RAG, agents, and fine-tuning

RAG is one of three ways to give a model knowledge or behaviour it lacks, and they are not rivals so much as different tools:

• RAG injects knowledge at query time. Best when the facts change, are private, or must be cited. The model stays general; the data stays external and current.
• Fine-tuning changes the model's weights to bake in a skill, format, or domain style. Best for how the model behaves, not what it currently knows — and it does not solve freshness or provenance. The decision between them gets its own page: RAG vs fine-tuning. In practice many systems do both.
• Agentic RAG is the next step up from baseline RAG: instead of retrieving once on a fixed schedule, the agent decides when to retrieve, rewrites the query, grades the results, and searches again if they fall short. Retrieval becomes a tool the agent calls, not a pre-step. That is agentic RAG.

The progression is worth holding in your head: a bare model, then RAG to ground it, then an agent to control the retrieval. Each step adds capability and cost. Start at the simplest one that answers your questions, and move up only when it stops.

Frequently asked questions

What is retrieval-augmented generation?

Retrieval-augmented generation (RAG) is a pattern that fetches relevant text from an external store at query time and passes it to a language model as context, so the model answers from that supplied data rather than only its training weights. It grounds answers in real sources, which lets them be current, private, and citable.

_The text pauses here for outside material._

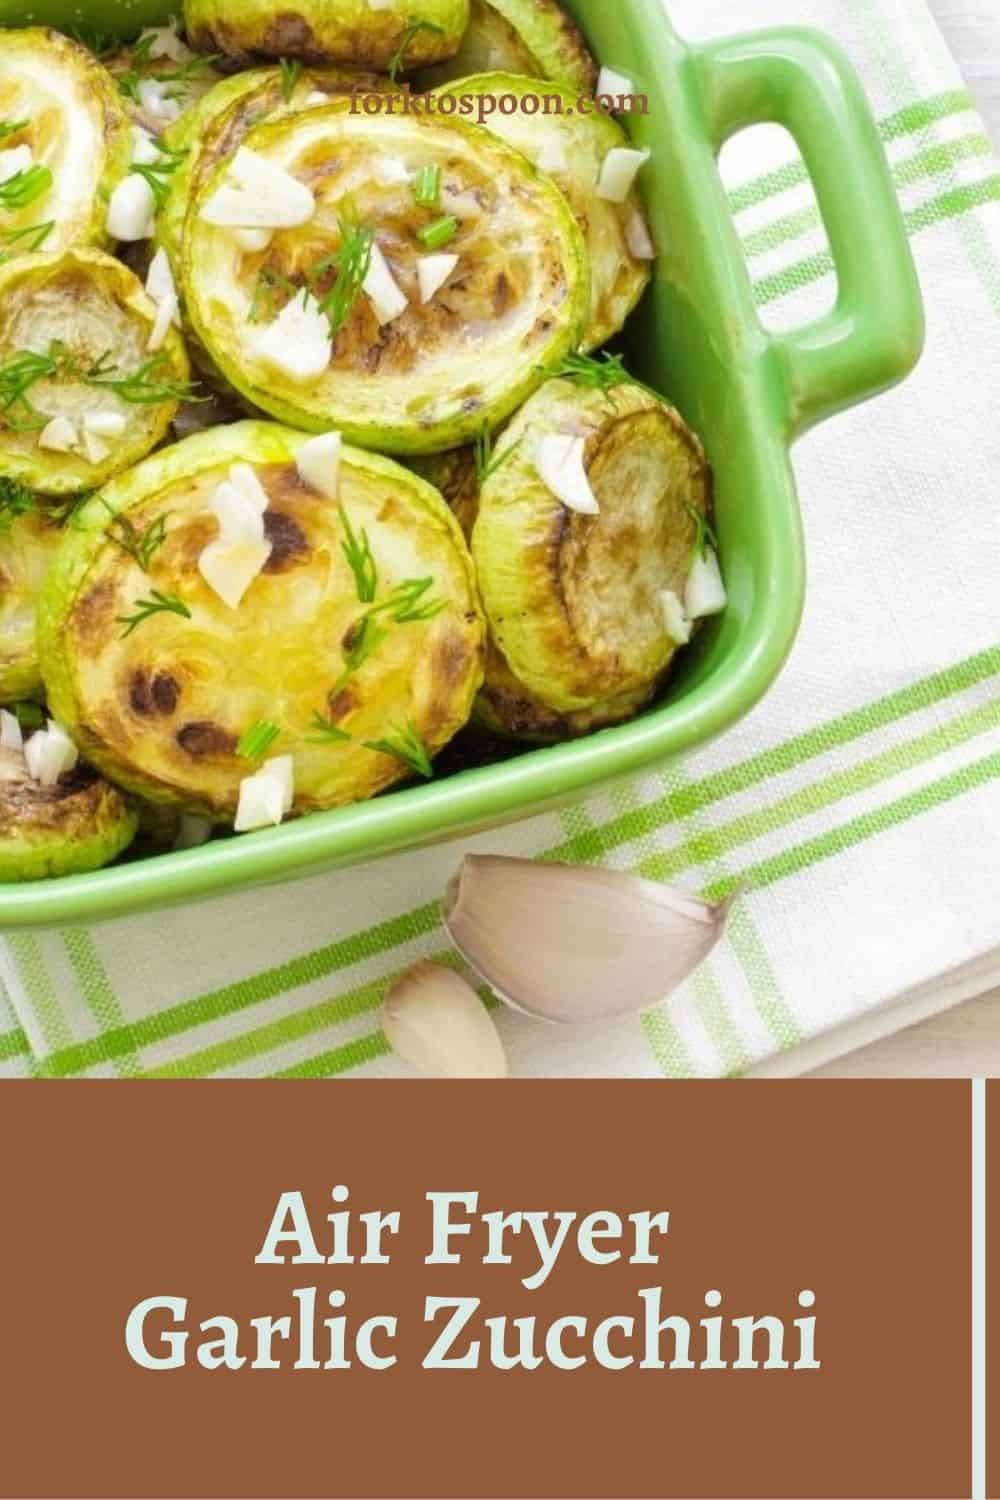 Air Fryer Garlic Zucchini

The term was introduced by Lewis et al. in 2020, pairing a retriever over a corpus with a generator.

Why use RAG?

RAG solves four problems a bare model cannot: it reduces hallucination by grounding answers in supplied text, it keeps answers fresh by reading from a store you update instead of retraining, it lets a general model answer about private data that was never in its training set, and it gives provenance because each retrieved chunk has a known source the answer can cite. If the model's built-in knowledge already covers the question, RAG is overhead you do not need.

How does RAG work?

RAG runs in two phases. Offline, it ingests documents, splits them into chunks, embeds each chunk into a vector, and stores them in a vector index. Per request, it embeds the question, retrieves the nearest chunks by similarity (often re-ranked or combined with keyword search), augments the prompt with those chunks and their sources, and the model generates an answer grounded in the supplied text. Indexing happens ahead of time; retrieval and generation happen when you ask.

What is the difference between RAG and fine-tuning?

RAG injects knowledge at query time by retrieving external documents, so it is the tool for facts that change, are private, or must be cited; the model stays general and the data stays current. Fine-tuning changes the model's weights to bake in a skill, format, or domain style, so it is the tool for how the model behaves, not what it currently knows. Fine-tuning does not solve freshness or provenance. Many production systems use both. The full decision is in the RAG vs fine-tuning guide.

What are the limitations of RAG?

RAG moves the failure surface rather than removing it. The common failure modes are retrieval misses (the right chunk is never fetched), bad chunking (passages split so they are relevant but unusable), stale or noisy sources (the index grounds the model in wrong facts), ungrounded generation (the model drifts off the supplied chunks), and context and cost limits (you cannot pass unlimited chunks). Most RAG quality problems are retrieval problems, which is why you measure retrieval recall and groundedness with an eval harness.

What is agentic RAG?

Agentic RAG is RAG where an agent controls retrieval rather than a fixed pipeline. Instead of retrieving once before generating, the agent decides whether to search, writes or rewrites the query, judges whether the results are sufficient, and can search again or switch source before answering. Retrieval becomes a tool the agent calls inside its loop. It buys recall and robustness on multi-step questions at the cost of extra model turns; baseline single-pass RAG is the cheaper default.